Writing in this month’s Vanity Fair, Todd Purdum catalogs just how rapidly Sarah Palin has burned through friends and confidantes.
Walter Hickel, the former Alaska governor who chaired Palin’s gubernatorial campaign in 2006, told Purdum, “I don’t give a damn what she does.”
And John Bitney, a junior-high school friend and former legislative liaison for Palin, said, “I find it’s frustrating dealing with Sarah, because it seems we’re always dealing with emotional crap, and we never seem to be able to focus on the business at hand. Check my feet for horseshoes if I have to sit there and listen to another talk show.”
Purdum also catalogs just how rapidly Palin has burned her bridges. By the end of the campaign, he writes, several aides to her running-mate John McCain — Steve Schmidt, Nicolle Wallace and Tucker Eskew — “were barely on speaking terms with her.”

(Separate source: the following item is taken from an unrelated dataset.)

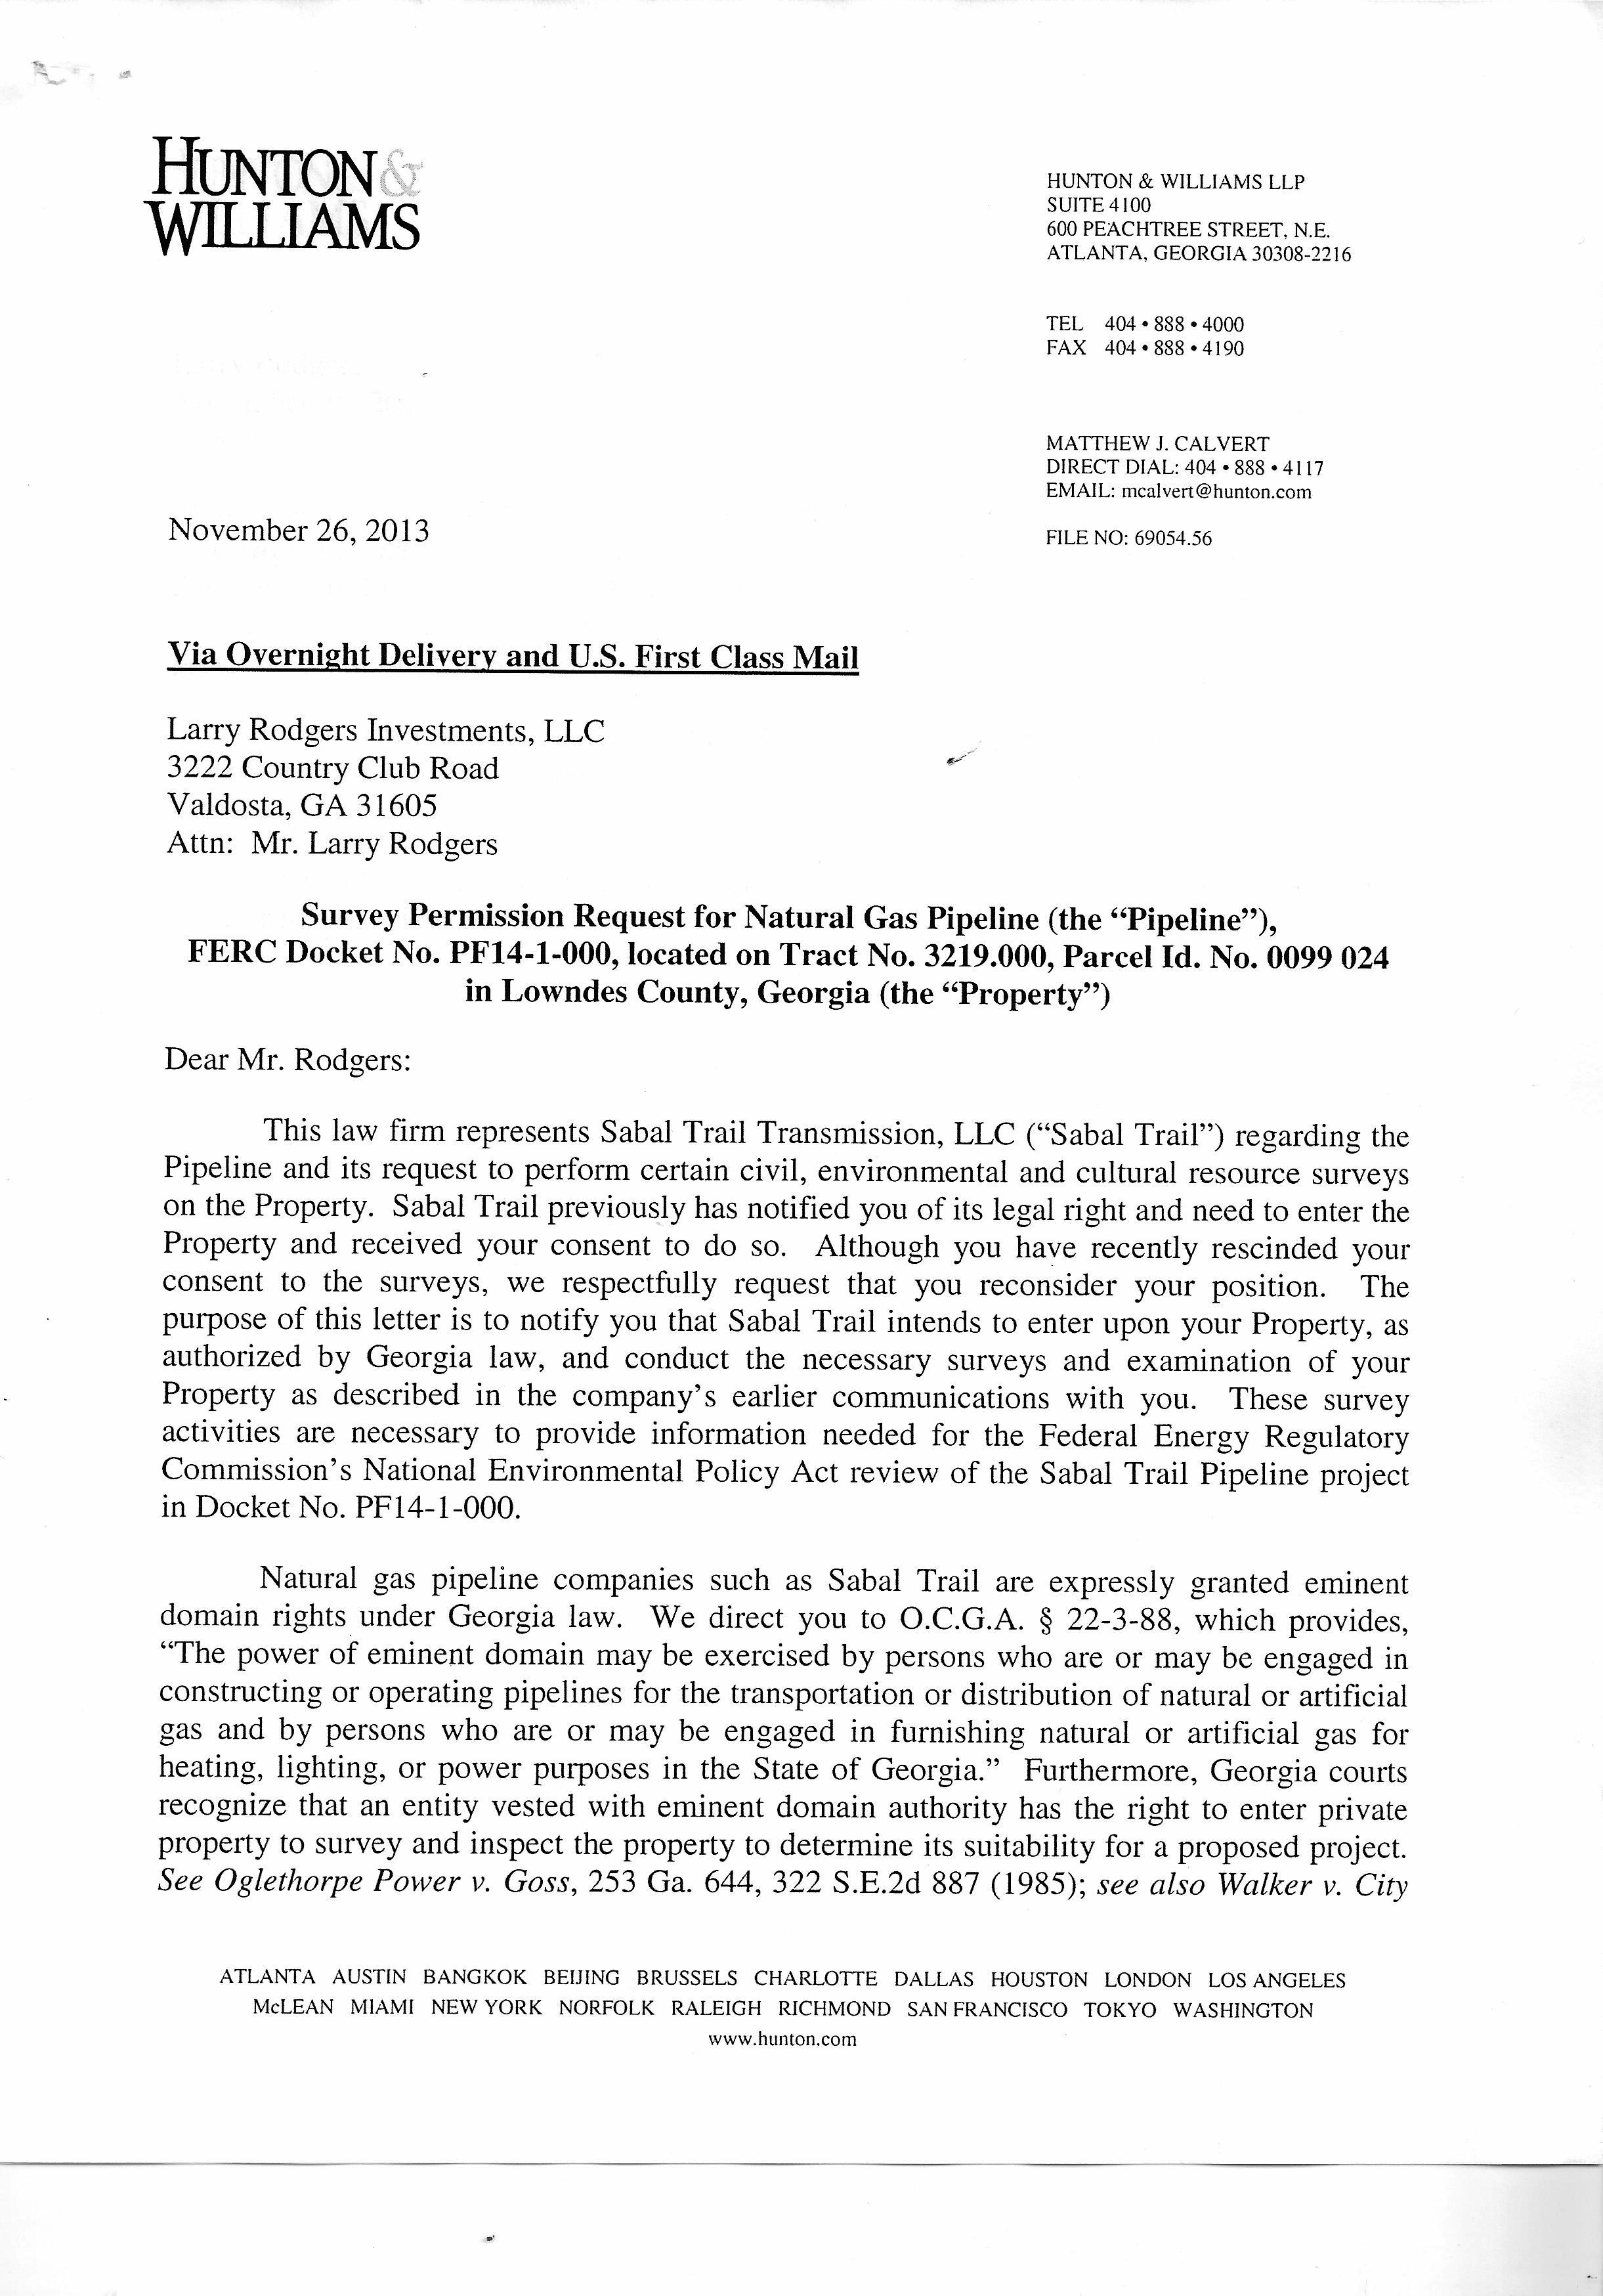 Page 1: the power of eminent domain, in Eminent domain letter from Sabal Trail attorney, by Larry Rodgers Investments, for Spectrabusters.org, 26 November 2013

In fact, Purdum writes, the campaign searched for a calming figure who could function as Palin’s “horse whisperer,” and they settled on Mark McKinnon. Aide Mark Salter said the McCain camp picked McKinnon because “[y]ou sort of want a guy who’s very easygoing, gives good advice and doesn’t add to the natural nervousness.”
Purdum also digs up a bit more on the charge that Palin loaded her own concession speech into the Teleprompter on election night without telling McCain’s staff. The McCain aides explained to her that running mates did not traditionally give concession speeches. “Are those John’s wishes?” she asked. They told her that they were, but in disbelief she brought it to McCain himself, who gave her the same answer.